我的指尖划过母亲隆起四块腹肉的肚子时不忘抠摸几下可爱的肚脐,接着继续向下,扫过阴埠上的雷枪名号纹身,点过那肥大红黑的肉蚌,摸过修长笔直的大腿和小腿,直到摸玩到末端圆润可爱的玉趾。
我又一次被这具肉体的性感与完美深深吸引,甚至出现了片刻失神了。我能够理解父亲对母亲的迷恋,也明白那个绑架她的主人对她的占有欲,但如今她只属于我一个的玩具。虽然整整晚了十几年,但也没有太晚,要是我可以更早点觉醒就好了。
可惜我已经在艾德文娜的身上已经发泄了,进入贤者状态后有点有心无力,不过也不要紧事。母亲的肉体冰冰凉凉的,作为在热带群岛地带睡觉时的消暑抱枕再好不过了。
在进入梦乡时,我想起按时间算来,罗丝阿姨的尸体应该被加工好了,希望她会被她的主人放到尸娼店成为流通的商品。
次日一早,我起床后把艾德文娜从鸦笼里放了出来,赶她到旁边的仆人房里去补个觉,毕竟人在鸦笼里站了一夜是不可能睡得了的。
吃过早饭后,玛菲莎夫人登门拜访,继续充当我的导游。“大人,今天的行程有计划吗?”
“想去尸娼店逛逛,夫人,你知道全城每一间尸娼店的地址吗?”我问道。
玛菲莎的俏脸稍微露出一点惊讶的表情,但马上收敛起来,看来她对我这个外国人昨天才逛市场买女奴,一晚过后就马上达到玩尸娼这么重口味的地步。“知道的,大人,您是想要寻找某个完成了告别日的女奴的身体吗?贱奴可以安排人手去找……”
“不用这么麻烦。”我摆手否定玛菲莎的建议,“我是要找一个应该变成尸娼的女奴,同时想逛逛尸娼店。”

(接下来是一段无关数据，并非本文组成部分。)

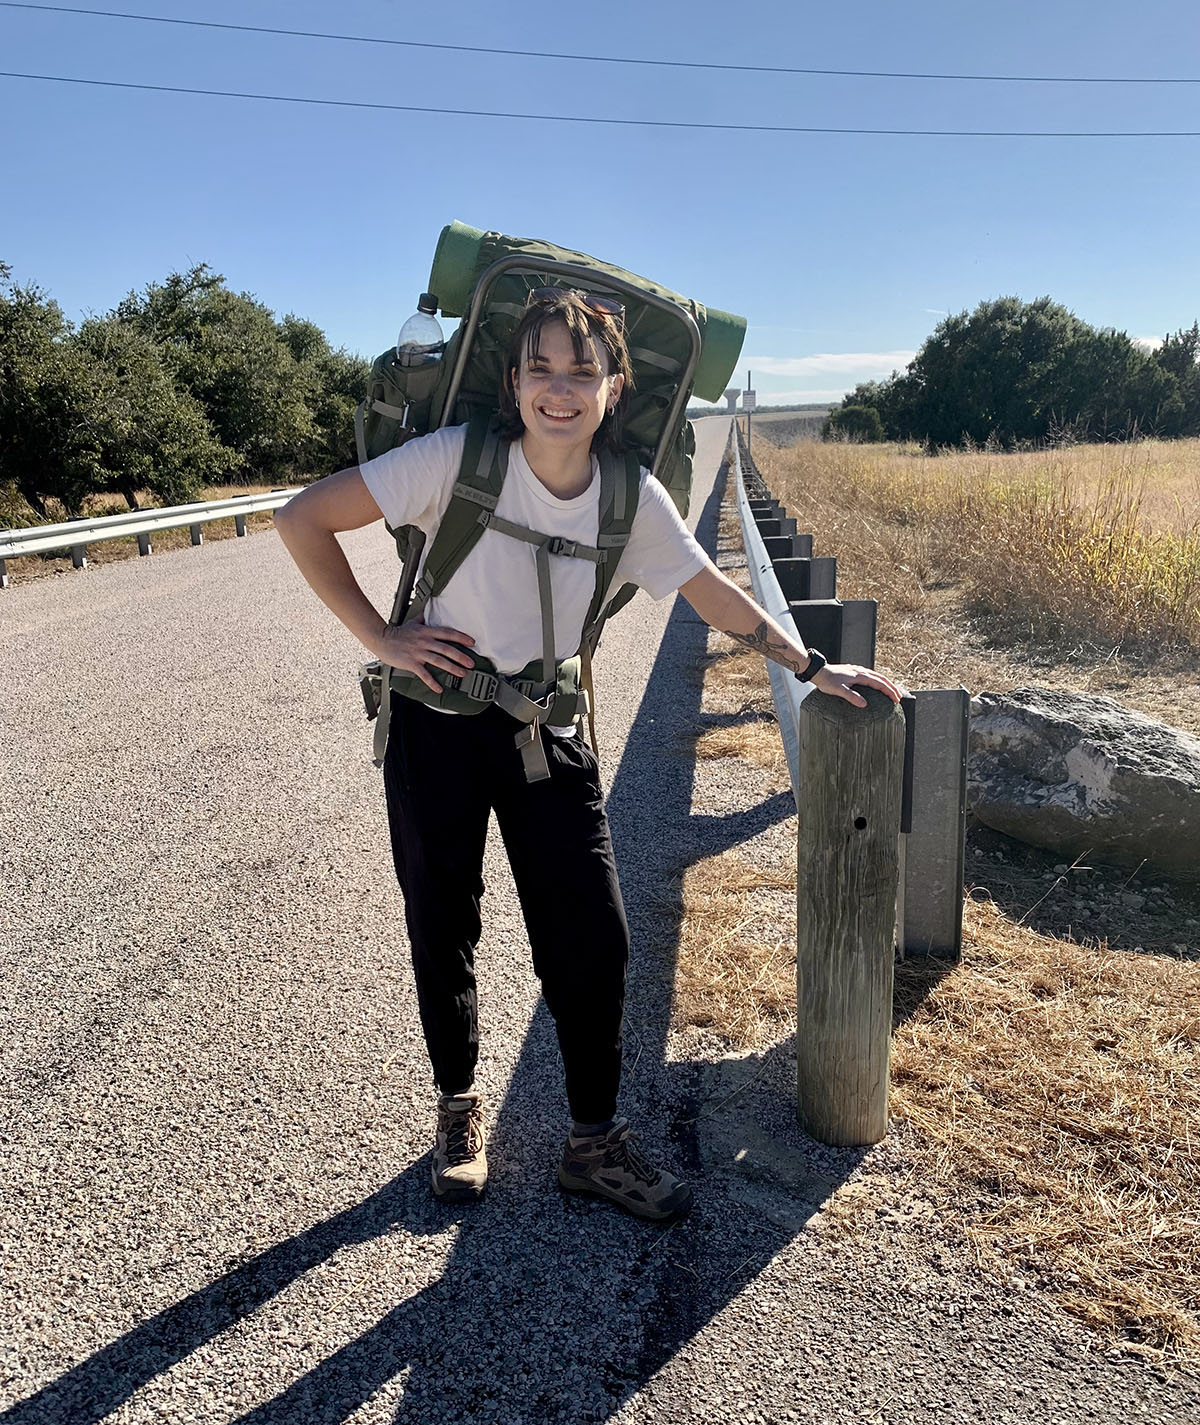 A woman in a t-shirt and green backpacking pack stands at the side of a road under blue sky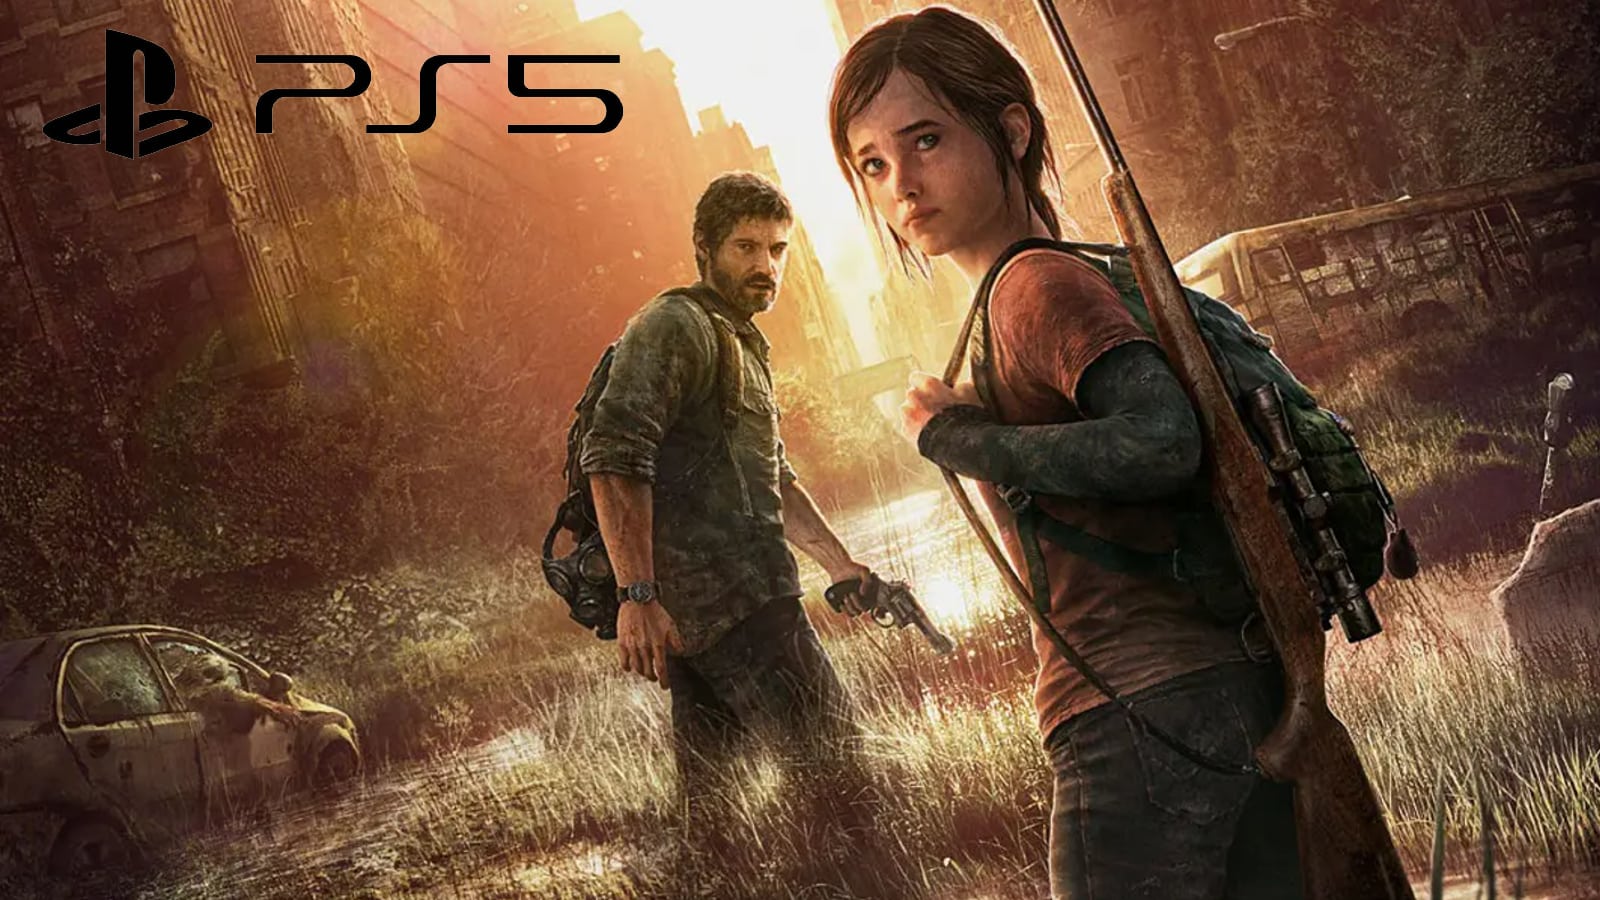 The Last of Us remake for PS5: All rumors & leaks so far about TLOU remaster

“如您所愿。”玛菲莎欠身一礼,和我一同坐上马车后,指示着车夫女奴赶往最近的一间尸娼店。
贸易联盟真不愧是个金权至上的商人国家,女奴们生前像牲口一样被买被卖,为男人劳动服务,死后还要再次成为商品,将最后的一点价值发挥到极限。
怀着猎奇的心态,我跟随玛菲莎踏进了一间又一间专门贩卖女奴艳尸的商店,可惜纵然货架上的艳尸如云,却没有我最想要的那一具,时间就在这样的游览与寻找中流逝,我的失望感也渐渐积累。
马车再一次停下,玛菲莎率先打开车门,跳下马车并转身接引我下来:“这是最后的一间尸娼店了,名叫‘约翰的娃娃屋’,传承的历史是全城第二久的尸娼店,经常能搞到许多极品女奴的尸体。”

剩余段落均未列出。